The stars and stripes have stood for freedom for as long as the symbol has flown. The American flag represents the freedoms granted to Americans through the sacrifices of those willing to fight for freedom.
Flag Day is a chance to celebrate that symbol and all that it has come to represent. The first Flag Day on June 14, 1923 was when the National Flag Conference established the U.S. Flag Code — the first set of federal regulations concerning the display and handling of the U.S. flag.
In Greenwood, two organizations will be working on Flag Day, one to celebrate the banner flying high, and the other to respectfully dispose of flags that are no longer in flying condition.
The Knights of Columbus at Our Lady of Lourdes Catholic Church is sponsoring the S.C. Festival of Flowers Flag Day Ceremony from 6 to 7 p.m. Friday in front of Howard’s on Main. The feather-topped chapeaus adorning the knights’ heads and ceremonial swords at their hips are the regalia of the highest order in the Knights of Columbus, said local member Dave Putman.
The Knights of Columbus are an international Catholic fraternal organization championing four basic tenets, known in the group as “degrees.” The degrees, in order, are charity, fraternity, unity and patriotism, and each represents a new tier for members in the order.
“Only fourth-degree knights may wear the color guard uniforms,” Putman said. “Many Catholic veterans and military men ascend to the fourth degree. Only about 10 percent of KC’s are fourth degree, but many of them are veterans.”
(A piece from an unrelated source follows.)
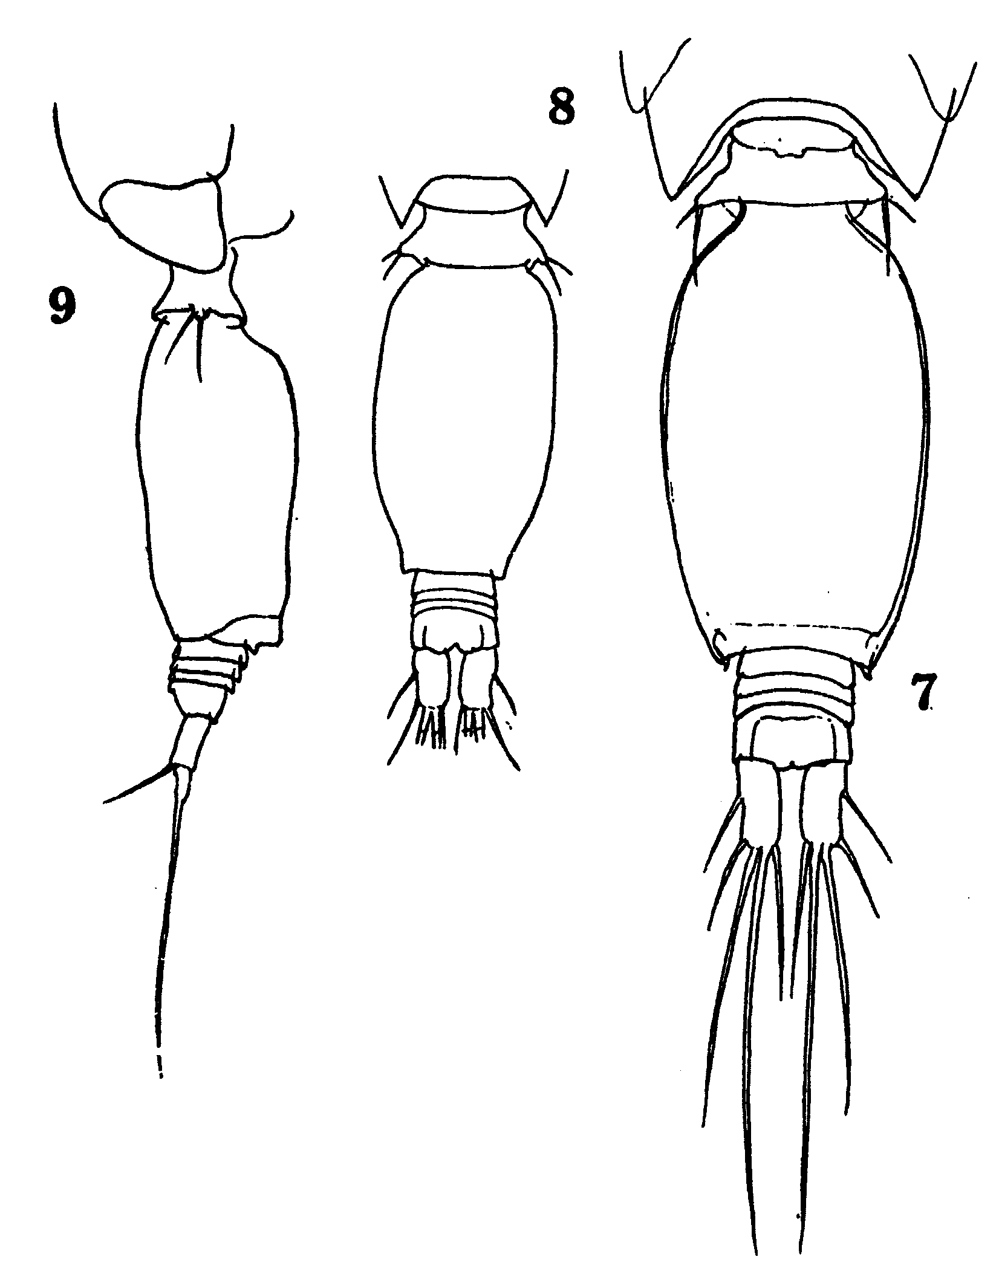 Species Oncaea media - Plate 19 of morphological figures

This highest rank comes with certain responsibilities and expectations, including assisting in special masses at the church, performing color guard duties at brother knights’ funerals and participating in events, such as parades and Friday’s Flag Day celebration.
“We value very highly the freedoms that we have in the United States, one of which is to publicly celebrate the flag that represents the sacrifices made to give us these freedoms,” Putman said.
While the Knights of Columbus will celebrate the flag flying high, the flag code says that once a flag is damaged to the point where it’s no longer fitting for display, it should be respectfully destroyed. The preferred method, according to the flag code, is by burning.
That’s what American Legion Post 20 members do annually on Flag Day, gathering to dispose of the flags they’ve collected from people throughout the community. Terry Weeks, of Post 20, said this year’s retirement ceremony will be at 10 a.m. Friday at the Lander Legion Hall — the former Post 20 building at 806 Calhoun Ave.
“Everyone is invited to this ceremony, as we retire the flags with the dignity they deserve,” Weeks said. “We don’t just put the flags in a burn pile; we handle it with some ceremony and respect.”
Anyone with flags to be retired can drop them off at the green drop box behind the Greenwood County Veterans Center, or the box at the Greenwood County Library. There’s another box at the American Legion Post 224 building at 1310 E. Cambridge Ave.